# WHAT YOU ARE ASKED TO DO:
Reproduce, from the lines below, exactly the stretch that begins at the line containing "d4b3b1ab5e76 Aelfric Eden" and ends at the line containing "Case service manual", both included.

# DATA SUPPLIED:
[Start of Attachment]

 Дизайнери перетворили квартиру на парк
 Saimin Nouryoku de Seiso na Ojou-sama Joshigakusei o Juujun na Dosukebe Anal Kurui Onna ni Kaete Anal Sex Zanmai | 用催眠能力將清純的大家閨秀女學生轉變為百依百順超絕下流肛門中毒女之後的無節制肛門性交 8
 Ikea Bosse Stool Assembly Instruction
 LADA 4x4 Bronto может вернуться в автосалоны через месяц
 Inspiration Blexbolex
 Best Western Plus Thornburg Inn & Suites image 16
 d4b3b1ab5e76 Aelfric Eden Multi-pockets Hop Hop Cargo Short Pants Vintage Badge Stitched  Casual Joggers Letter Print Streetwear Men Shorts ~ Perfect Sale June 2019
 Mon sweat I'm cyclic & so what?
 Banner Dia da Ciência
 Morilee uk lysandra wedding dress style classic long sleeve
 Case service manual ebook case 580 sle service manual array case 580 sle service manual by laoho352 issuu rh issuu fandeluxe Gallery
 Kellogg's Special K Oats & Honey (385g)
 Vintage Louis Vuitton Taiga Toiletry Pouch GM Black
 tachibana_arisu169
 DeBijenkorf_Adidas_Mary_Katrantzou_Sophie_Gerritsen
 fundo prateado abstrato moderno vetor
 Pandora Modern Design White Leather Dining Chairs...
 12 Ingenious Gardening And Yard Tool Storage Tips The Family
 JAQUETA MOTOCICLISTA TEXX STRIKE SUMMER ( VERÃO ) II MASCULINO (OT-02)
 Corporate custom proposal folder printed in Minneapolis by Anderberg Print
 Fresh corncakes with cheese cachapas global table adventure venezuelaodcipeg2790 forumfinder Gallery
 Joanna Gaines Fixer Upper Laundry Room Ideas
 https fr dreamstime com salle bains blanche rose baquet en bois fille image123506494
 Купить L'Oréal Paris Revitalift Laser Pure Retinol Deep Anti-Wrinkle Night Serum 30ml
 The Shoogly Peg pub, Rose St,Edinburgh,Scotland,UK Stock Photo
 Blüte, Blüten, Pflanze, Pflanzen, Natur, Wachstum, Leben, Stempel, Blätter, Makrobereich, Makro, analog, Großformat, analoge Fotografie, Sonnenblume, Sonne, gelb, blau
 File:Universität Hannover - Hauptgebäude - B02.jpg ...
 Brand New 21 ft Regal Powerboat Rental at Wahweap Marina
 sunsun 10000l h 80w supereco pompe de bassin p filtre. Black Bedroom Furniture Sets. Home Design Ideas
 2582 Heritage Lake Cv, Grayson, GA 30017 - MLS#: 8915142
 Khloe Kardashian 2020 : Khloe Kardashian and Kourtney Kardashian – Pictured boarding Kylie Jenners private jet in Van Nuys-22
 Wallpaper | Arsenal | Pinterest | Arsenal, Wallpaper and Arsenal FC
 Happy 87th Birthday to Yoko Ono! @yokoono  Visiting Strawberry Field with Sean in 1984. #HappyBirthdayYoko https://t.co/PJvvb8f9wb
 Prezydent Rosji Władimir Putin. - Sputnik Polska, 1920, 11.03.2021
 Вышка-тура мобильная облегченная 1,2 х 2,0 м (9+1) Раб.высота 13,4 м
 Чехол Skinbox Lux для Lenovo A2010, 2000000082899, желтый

[End of Attachment]

# EXERCISE RESULT:
 d4b3b1ab5e76 Aelfric Eden Multi-pockets Hop Hop Cargo Short Pants Vintage Badge Stitched  Casual Joggers Letter Print Streetwear Men Shorts ~ Perfect Sale June 2019
 Mon sweat I'm cyclic & so what?
 Banner Dia da Ciência
 Morilee uk lysandra wedding dress style classic long sleeve
 Case service manual ebook case 580 sle service manual array case 580 sle service manual by laoho352 issuu rh issuu fandeluxe Gallery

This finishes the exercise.